Johnstown (March 12, 1936 – May 14, 1950) was an American Hall of Fame Thoroughbred racehorse who won two out of every three races he competed in.

==Background==
Johnstown was a bay horse bred at Claiborne Farm. He was purchased by William Woodward Sr. and raced under his Belair Stable banner.

==Racing career==
After a successful season racing at age two when he won seven of his twelve starts, in the spring of 1939 Johnstown gave trainer Sunny Jim Fitzsimmons his third straight Wood Memorial Stakes, an important stepping stone to the U.S. Triple Crown races.

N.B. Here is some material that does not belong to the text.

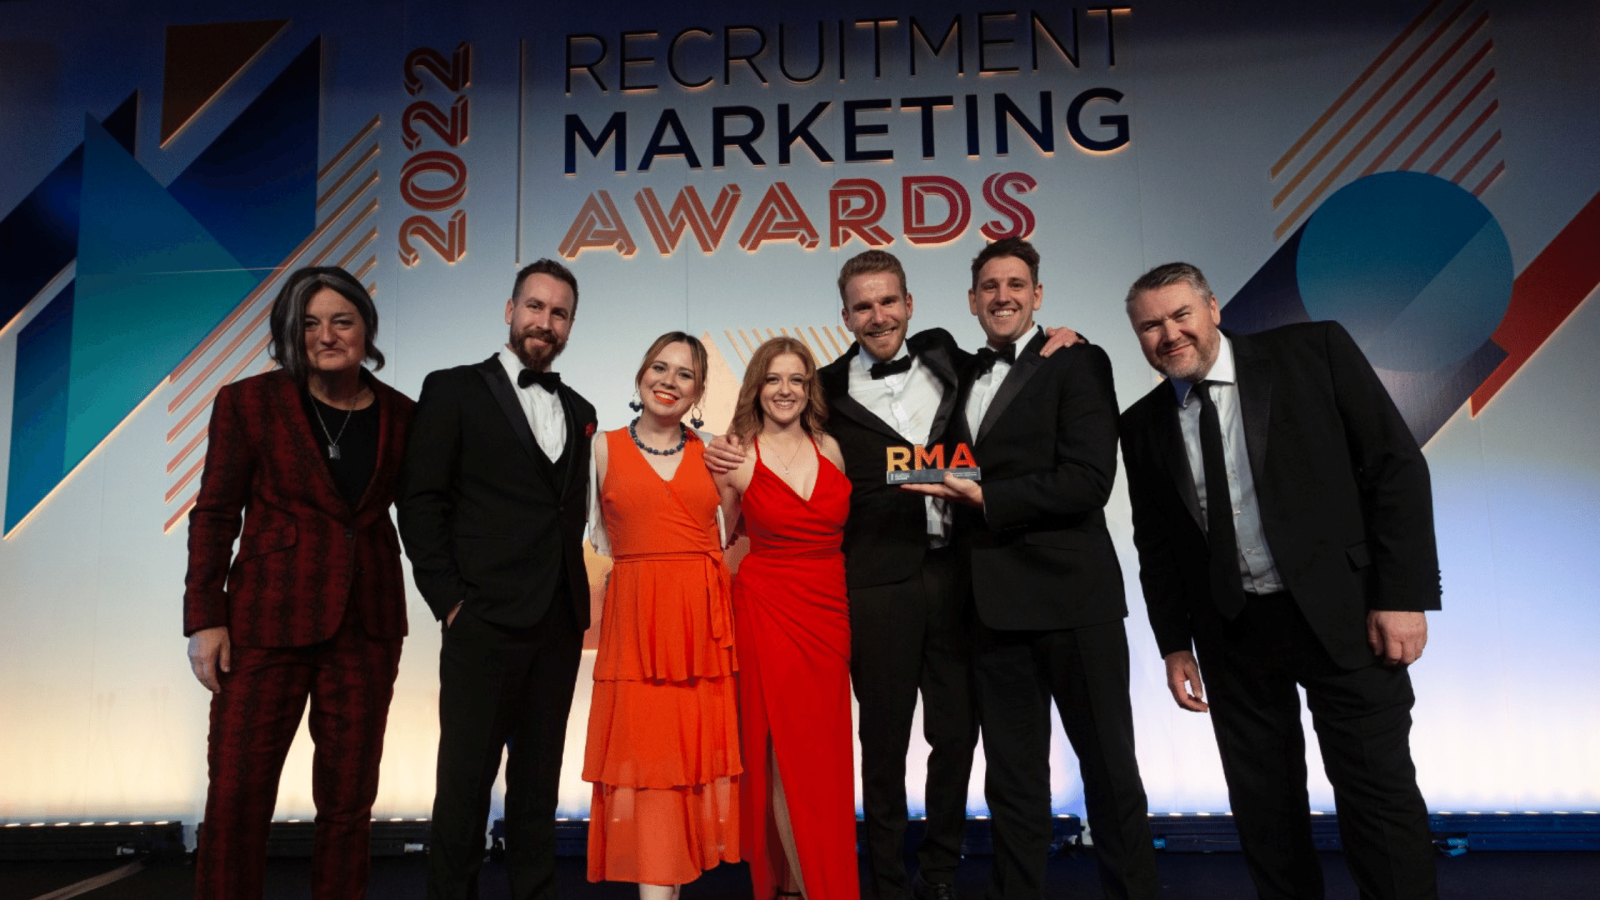 Recruitment Marketing Awards 2022 winners

The heavy favorite going into the Kentucky Derby, Johnstown got off to a slow start under jockey James Stout, then he took command by the mile pole and defeated Challedon by eight lengths, tying the (still current, 2015) record for margin of victory. In the Preakness Stakes, it came up muddy (he never raced on an off-track before or after), and Johnstown finished 5th to winner Challedon. With Challedon not eligible for the Belmont Stakes, Johnstown easily won the final leg of the U.S. Triple Crown races. He later won several more important races and wound up his highly successful season with seven wins in nine starts.

==Stud record==
Retired to stud at Claiborne Farm, Johnstown met with modest success as a sire, producing winners of only six stakes races. However, he was a leading broodmare sire during the 1950s with his most famous offspring being Hall of Famer Nashua.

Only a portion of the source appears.